### DATASET CONTENT
────────────────────

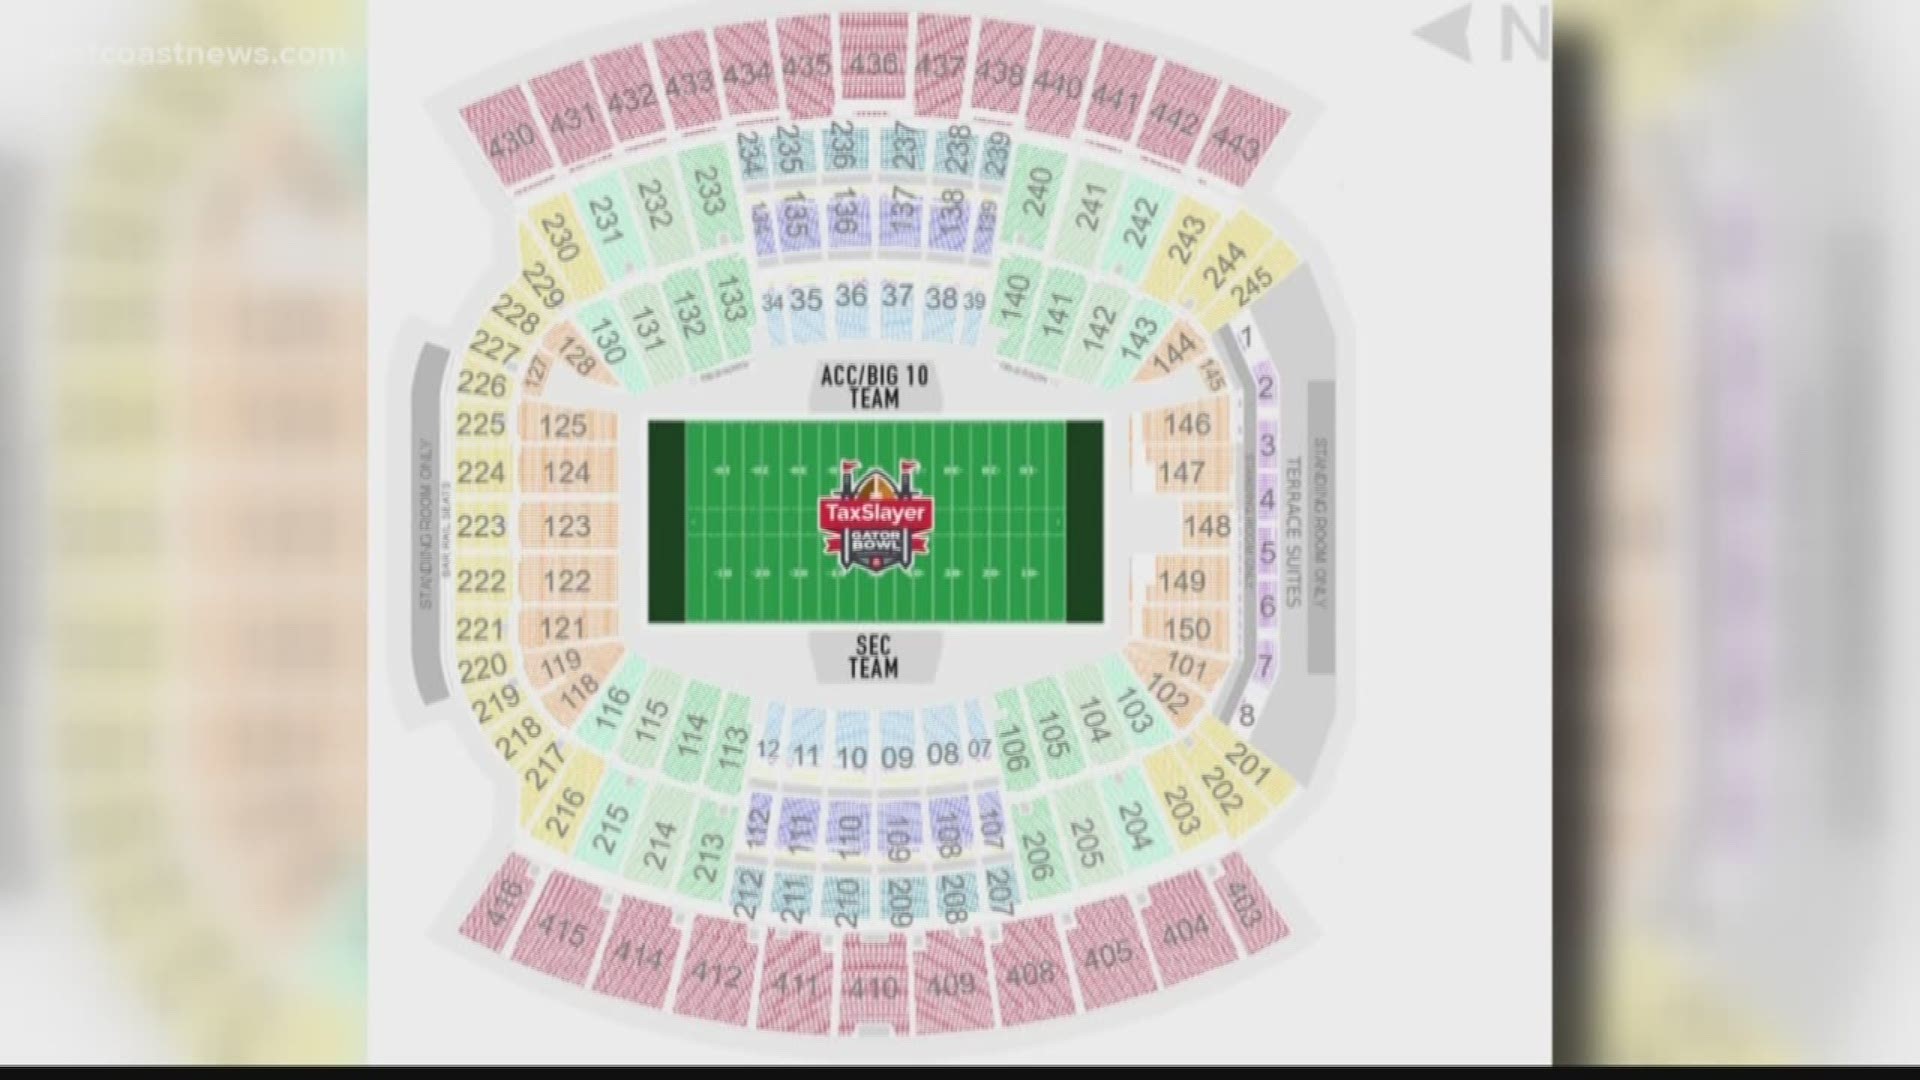 The City was contracted to install 2,000 extra seats for the Gator Bowl, but couldn't due to a quick turn around from the previous Jaguars game.
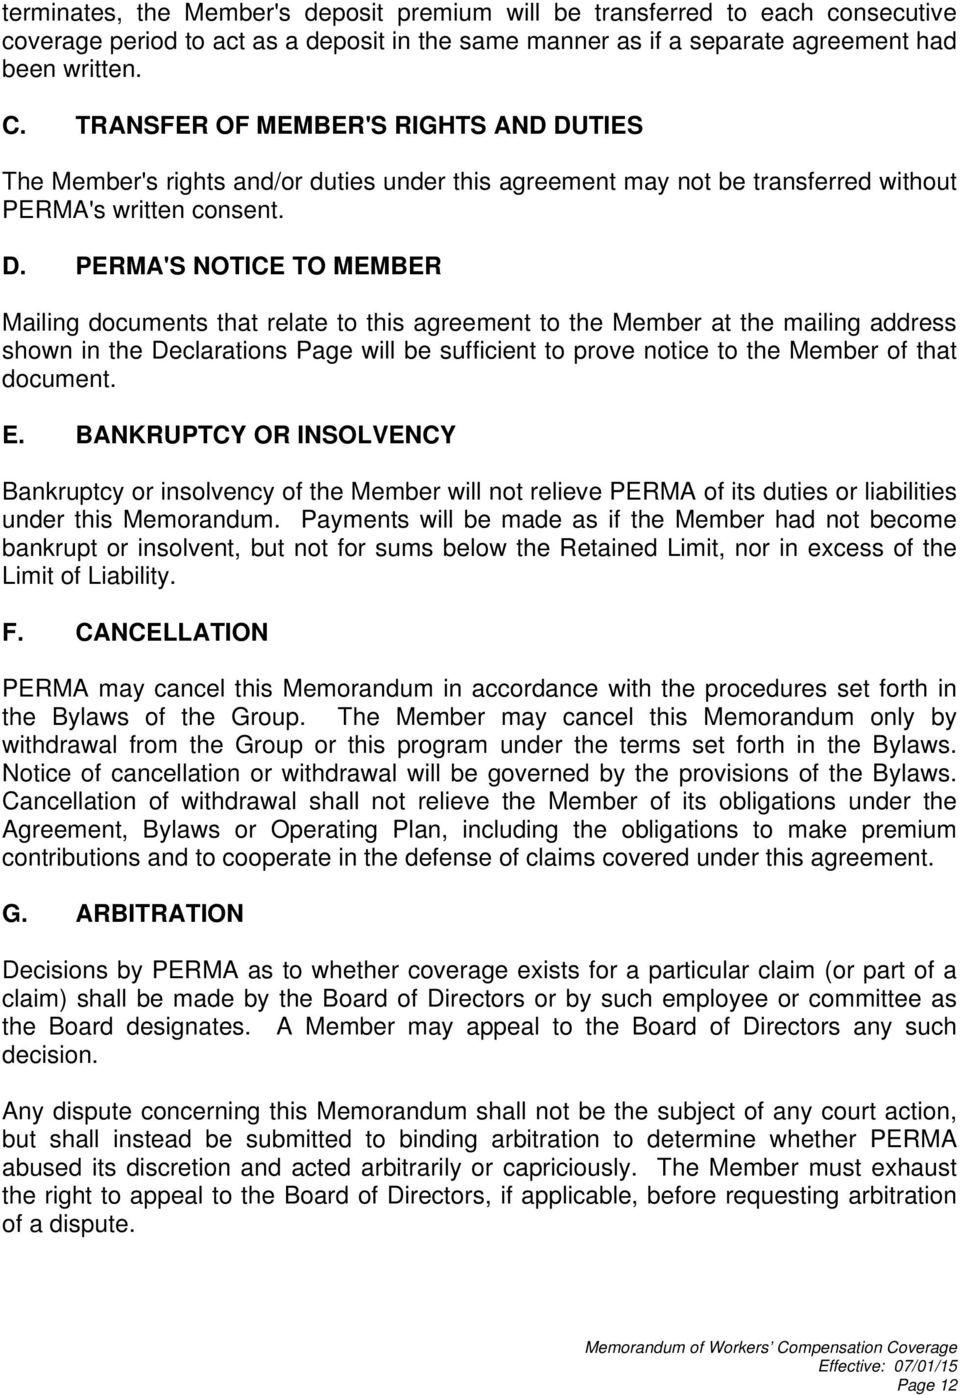 TIES The Member's rights and/or duties under this agreement may not be transferred without PERMA's written consent. D.
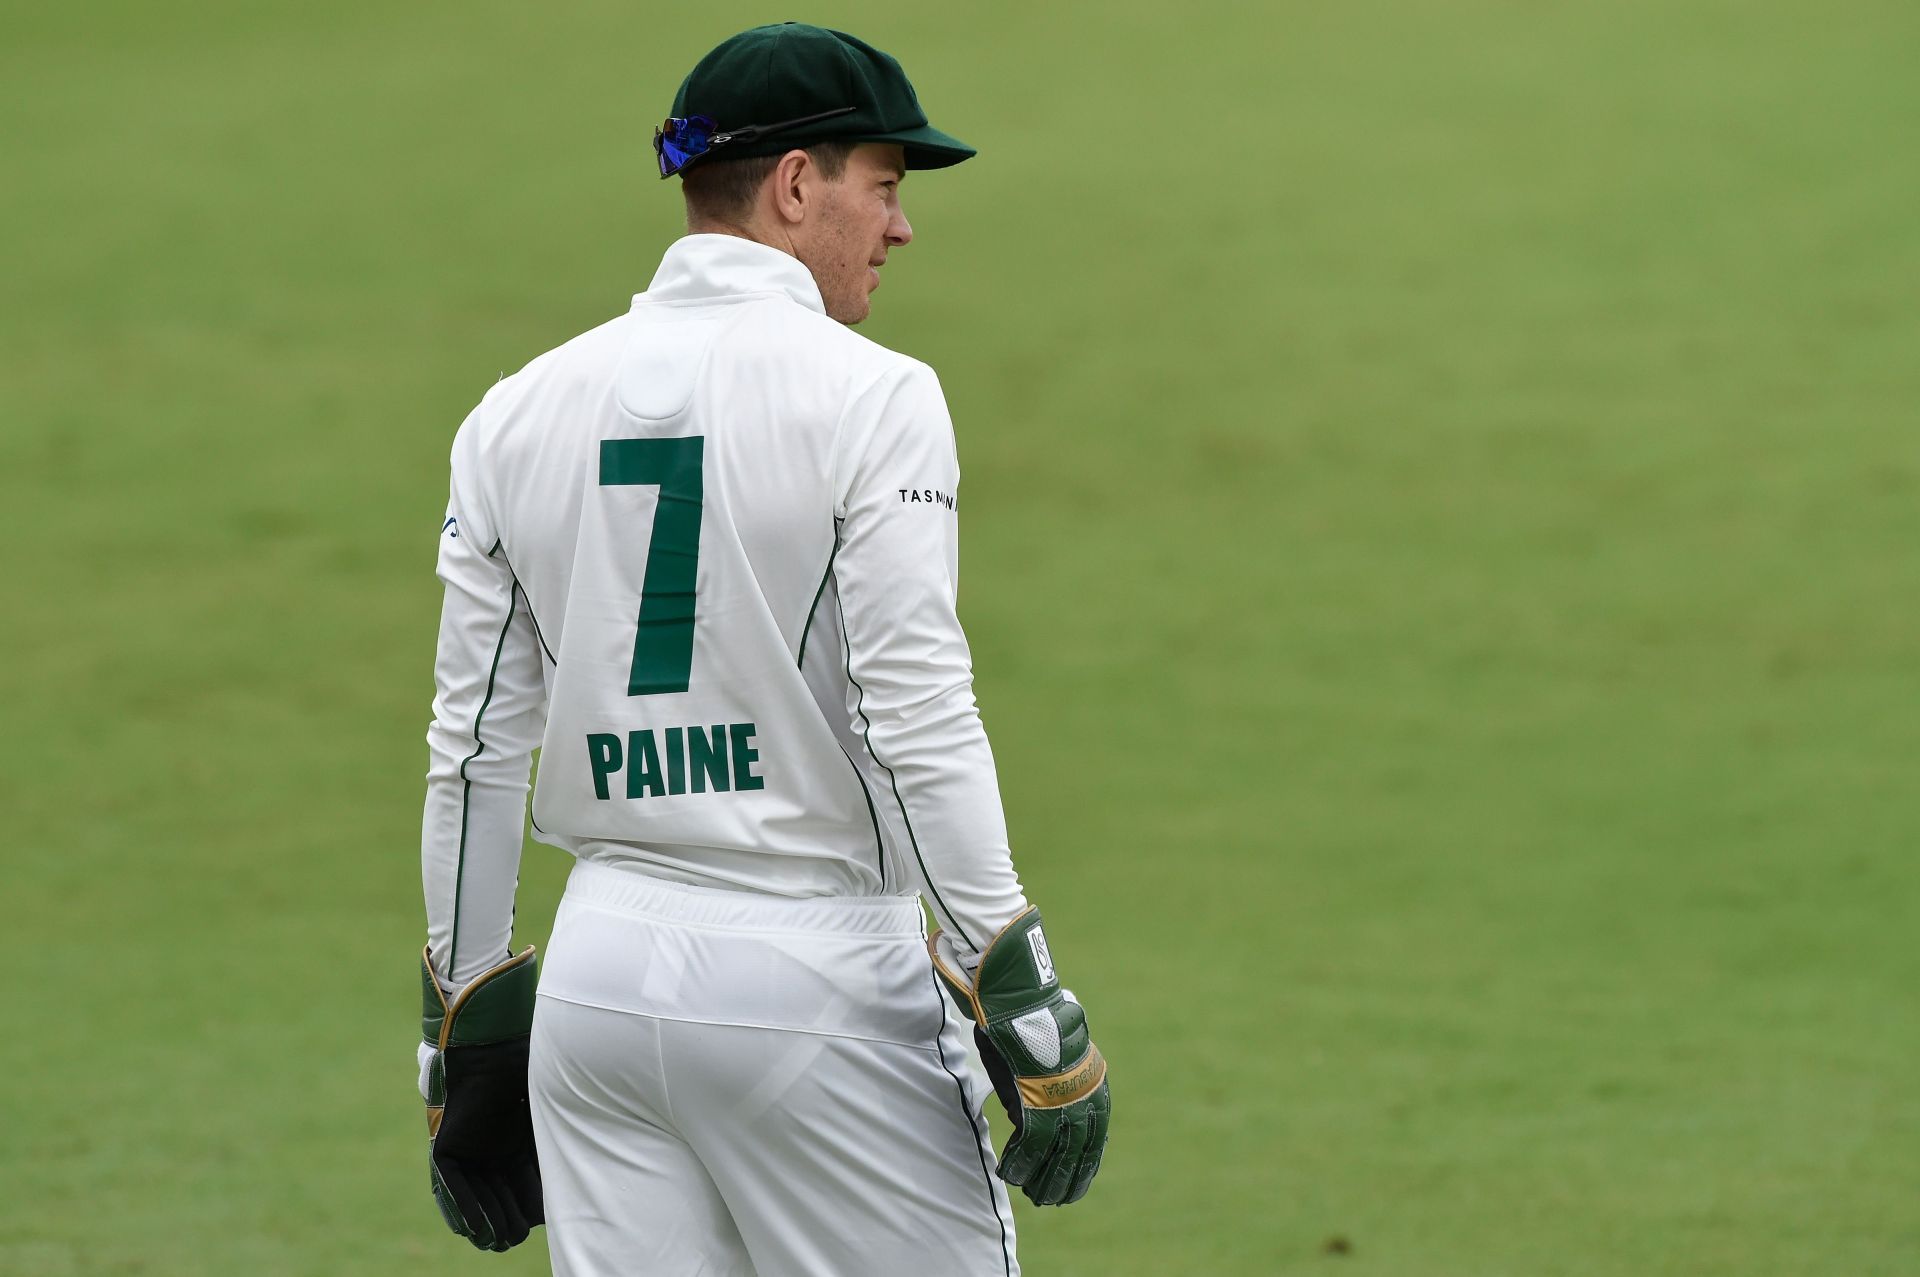 Tim Paine lost his captaincy and his place in the Aussie team after the text-gate scandal

────────────────────

### ACTIVITY
From the listing, extract all text exactly as given and drop any picture.

### RESULT OF THE TASK
 The City was contracted to install 2,000 extra seats for the Gator Bowl, but couldn't due to a quick turn around from the previous Jaguars game.
 TIES The Member's rights and/or duties under this agreement may not be transferred without PERMA's written consent. D.
 Tim Paine lost his captaincy and his place in the Aussie team after the text-gate scandal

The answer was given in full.